● EXERCISE DESCRIPTION:
Return exactly the lines from the "Gemstone @Pakistan, B31688" line through the last line of the entries below. Include no pictures.
*** Opening SUPPLIED INFORMATION ***
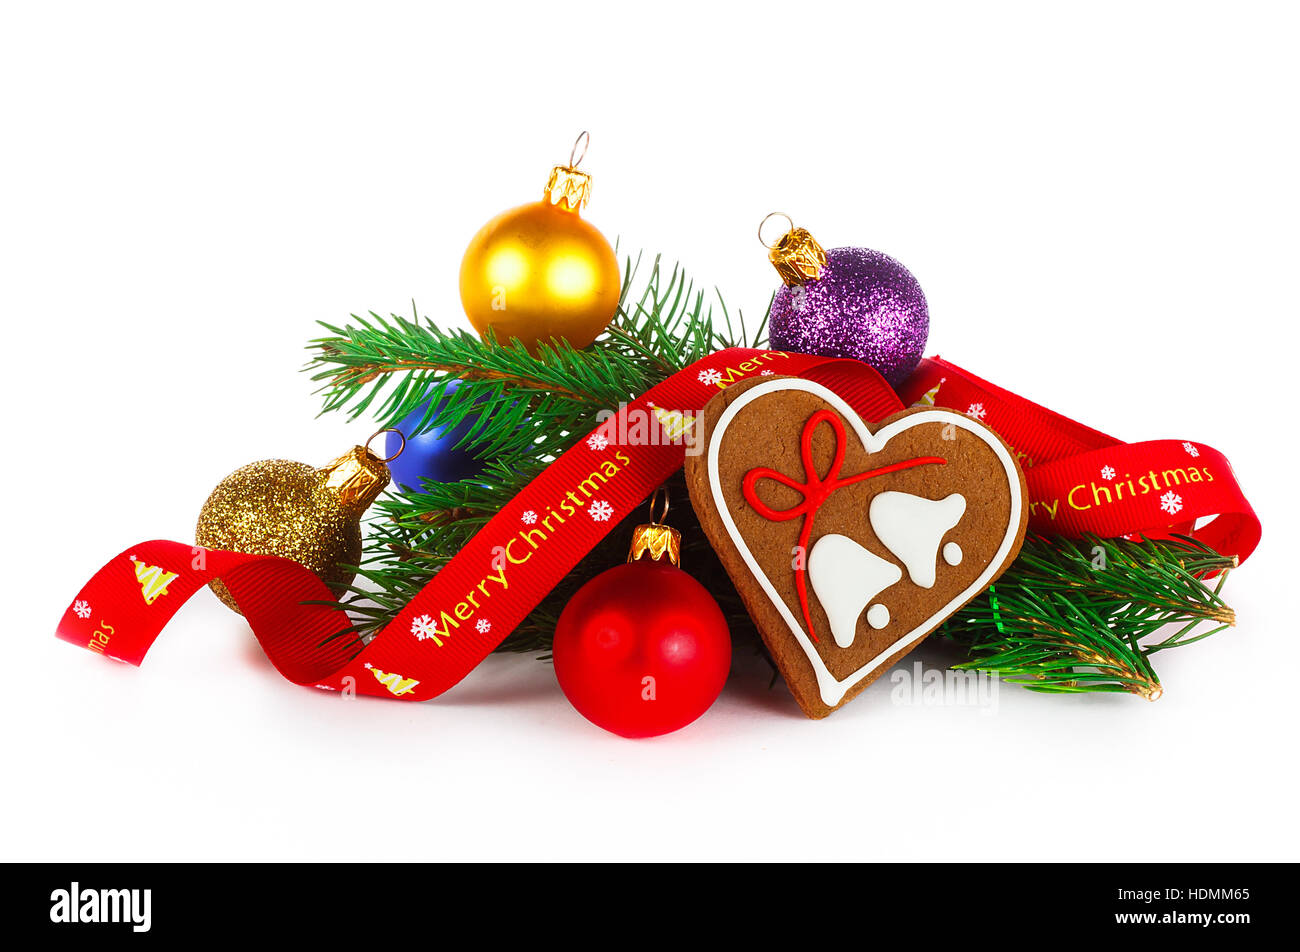 Weihnachten-Zusammensetzung - Lebkuchen und Dekorationen auf weißem Hintergrund Stockfoto
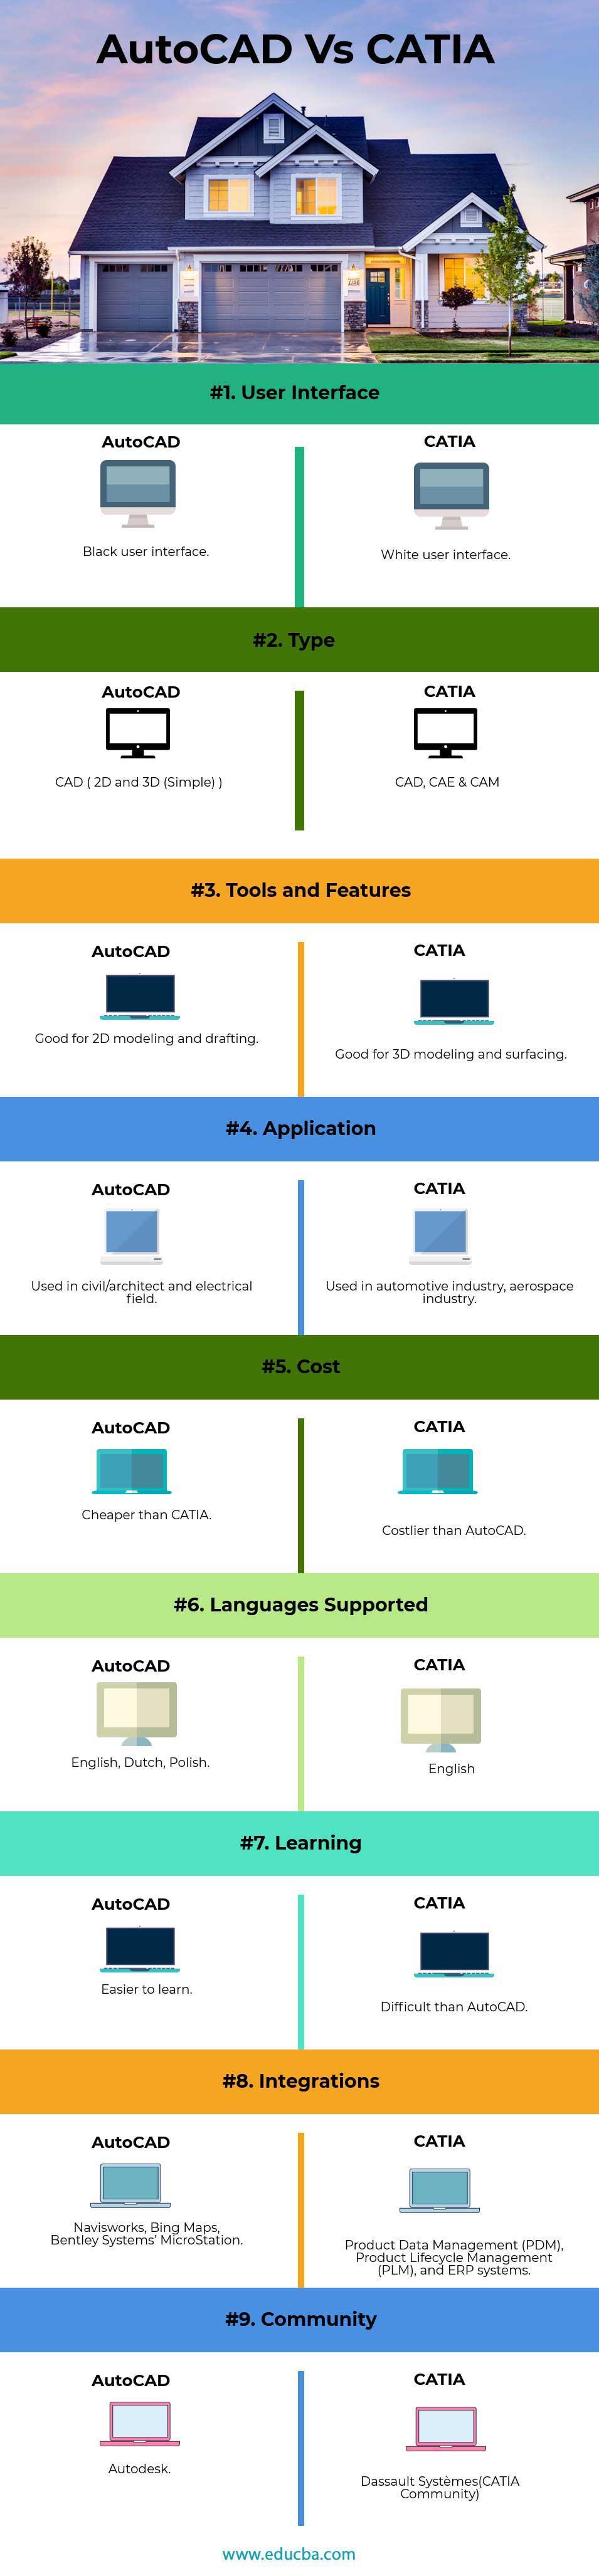 Catia Vs Autocad - Uma Comparação de Software de Gerenciamento de Projetos
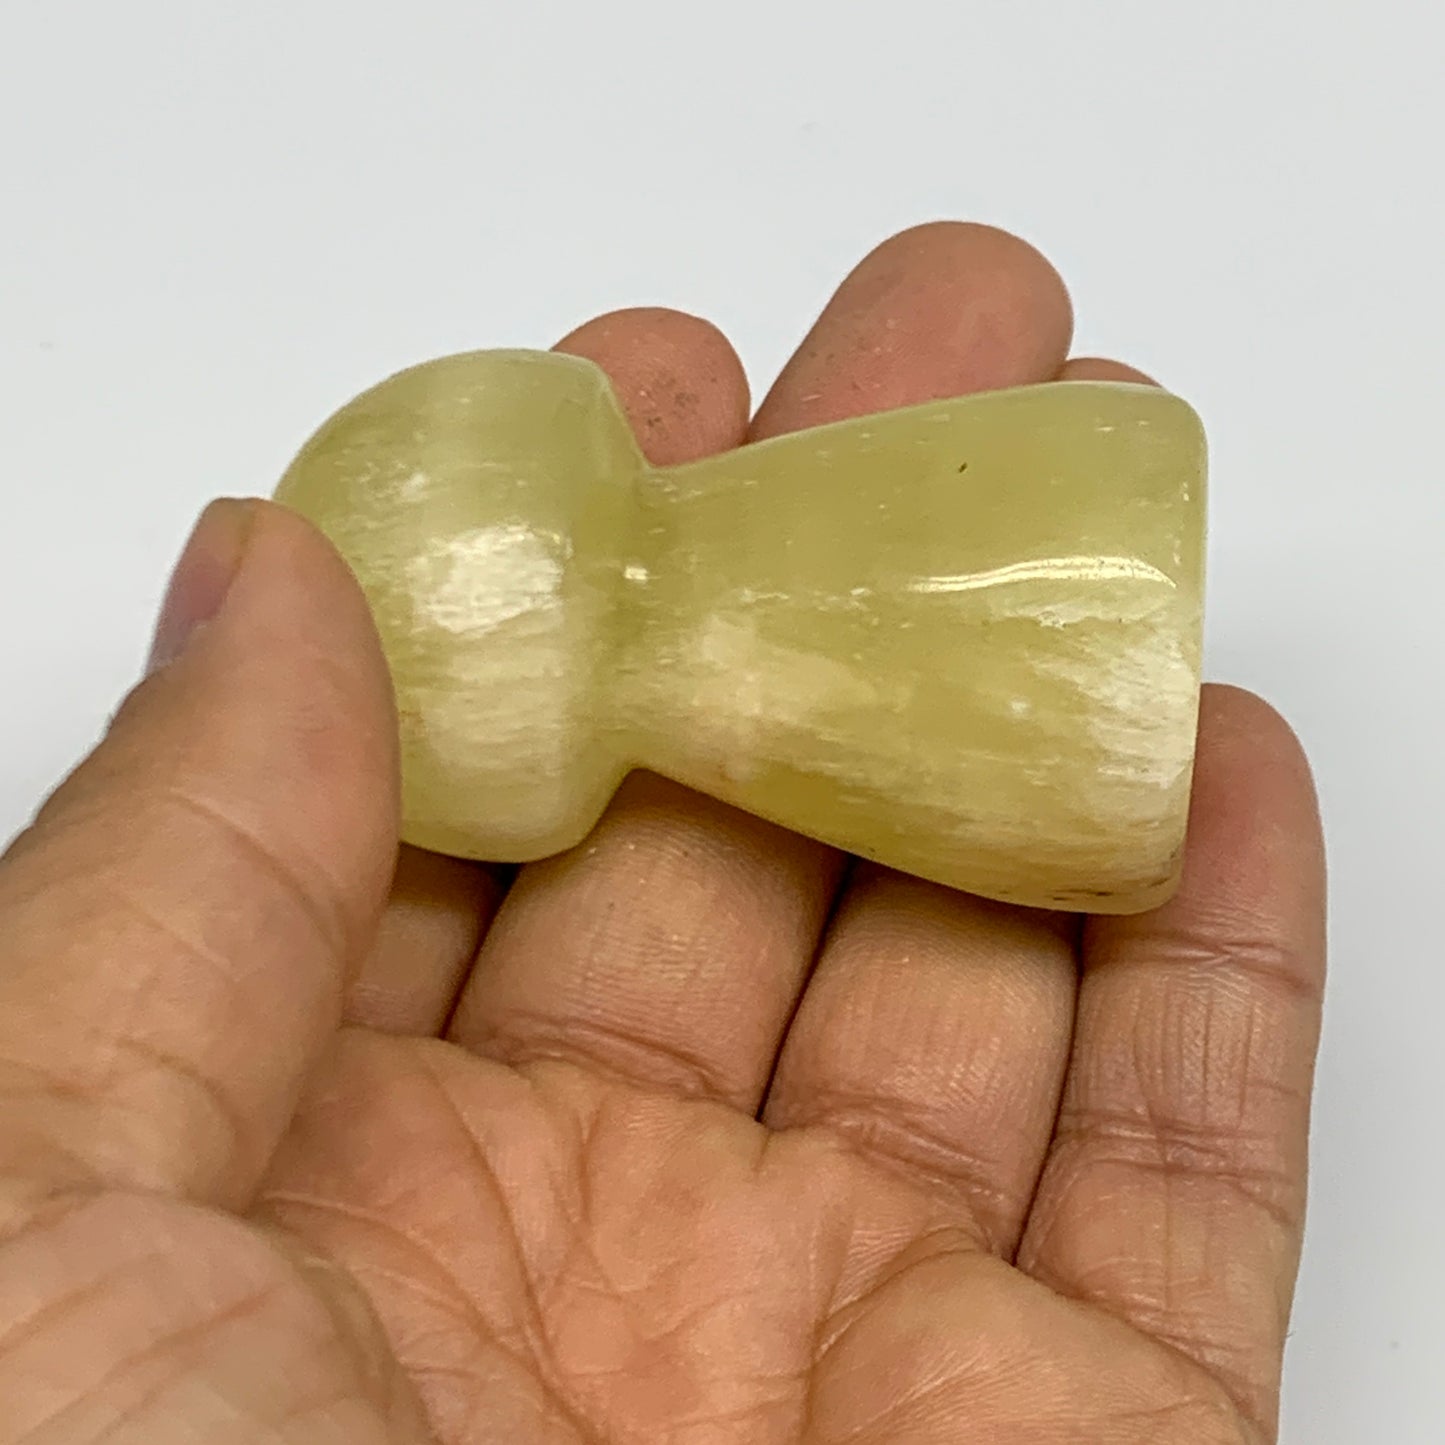 84.8g, 2.1"x1.2" Natural Lemon Calcite Mushroom Gemstone @Pakistan, B31688
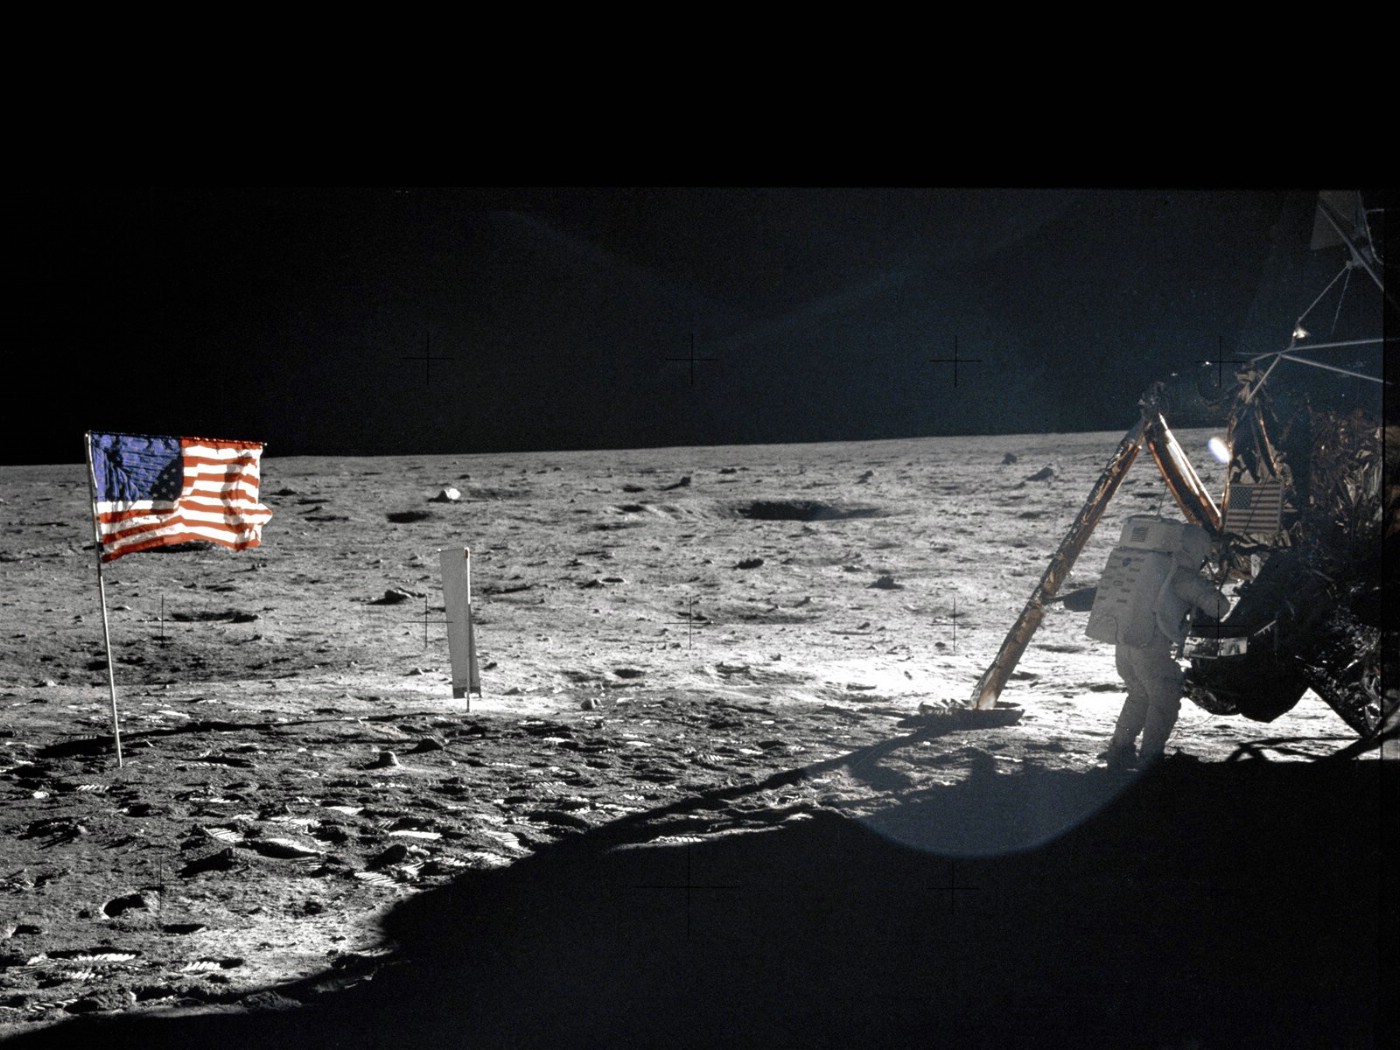 壁纸1400x1050One Giant Leap for Mankind  Neil Armstrong On The Moon 登月舱旁的阿姆斯壮壁纸 阿波罗11号登月40周年纪念壁纸壁纸 阿波罗11号登月40周年纪念壁纸图片 阿波罗11号登月40周年纪念壁纸素材 人文壁纸 人文图库 人文图片素材桌面壁纸
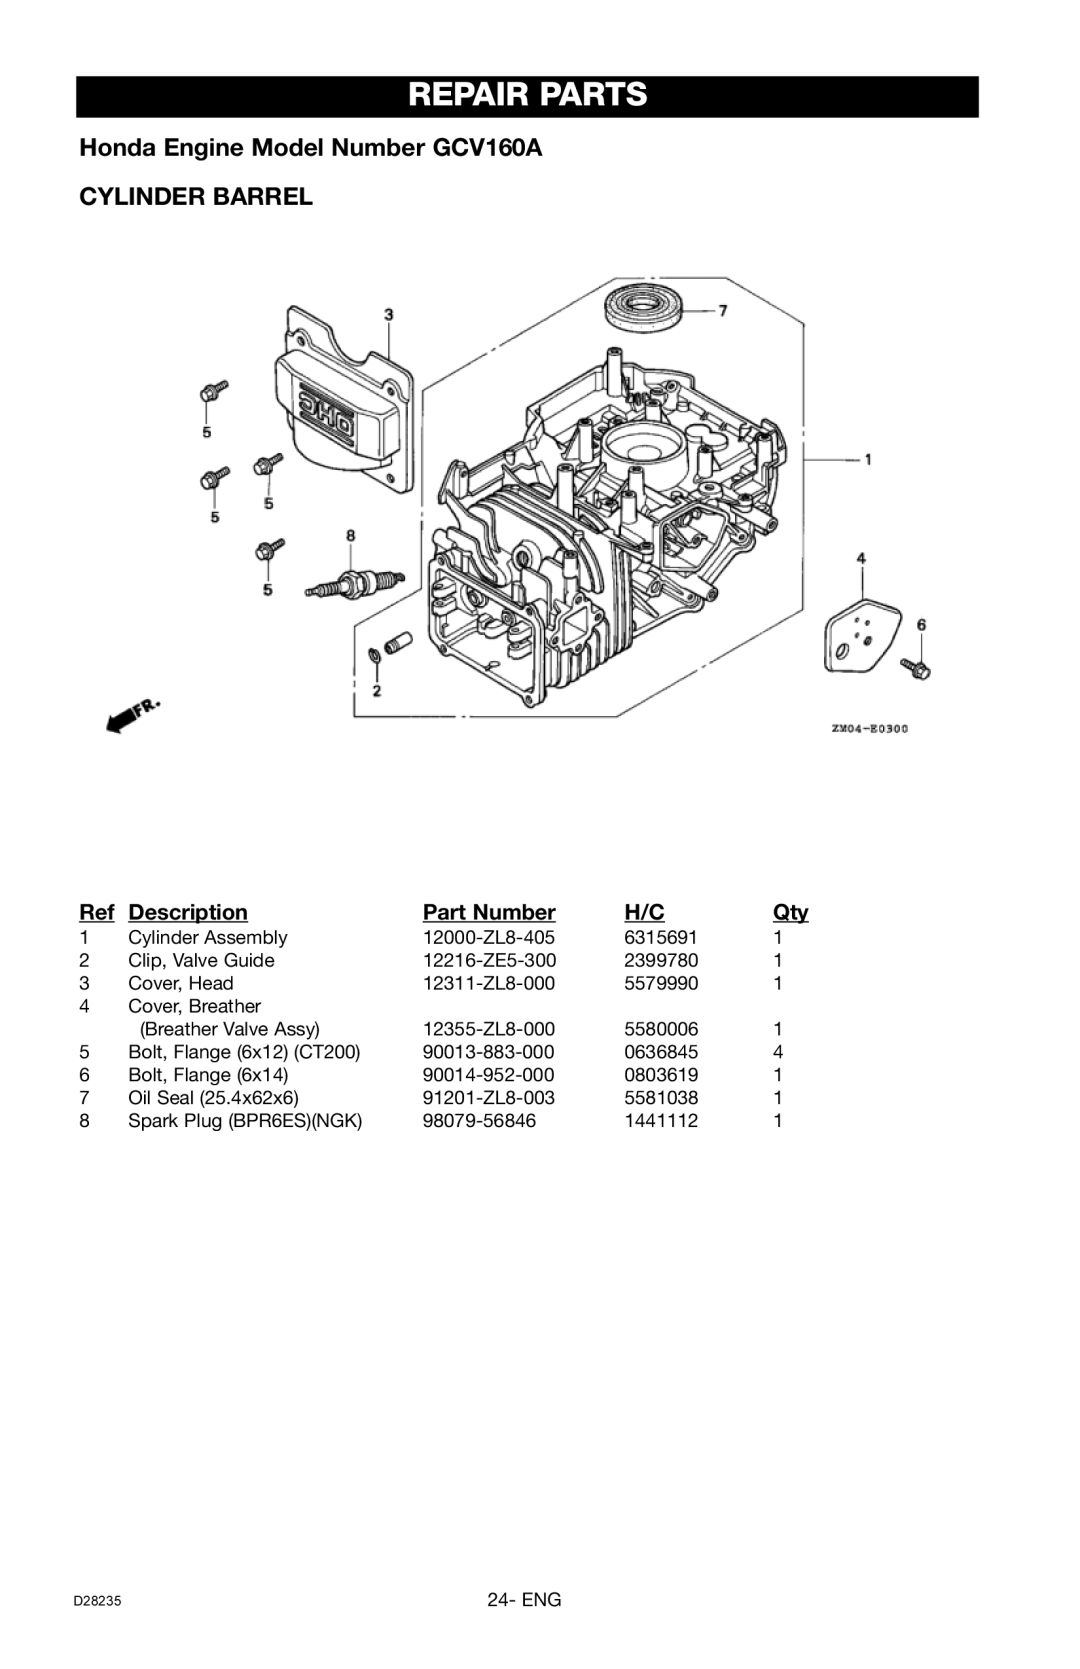 Craftsman D28235, 919.672241 Repair Parts, Honda Engine Model Number GCV160A CYLINDER BARREL, Description, Part Number
*** Closing SUPPLIED INFORMATION ***
● EXERCISE RESPONSE:
 84.8g, 2.1"x1.2" Natural Lemon Calcite Mushroom Gemstone @Pakistan, B31688
 壁纸1400x1050One Giant Leap for Mankind  Neil Armstrong On The Moon 登月舱旁的阿姆斯壮壁纸 阿波罗11号登月40周年纪念壁纸壁纸 阿波罗11号登月40周年纪念壁纸图片 阿波罗11号登月40周年纪念壁纸素材 人文壁纸 人文图库 人文图片素材桌面壁纸
 Craftsman D28235, 919.672241 Repair Parts, Honda Engine Model Number GCV160A CYLINDER BARREL, Description, Part Number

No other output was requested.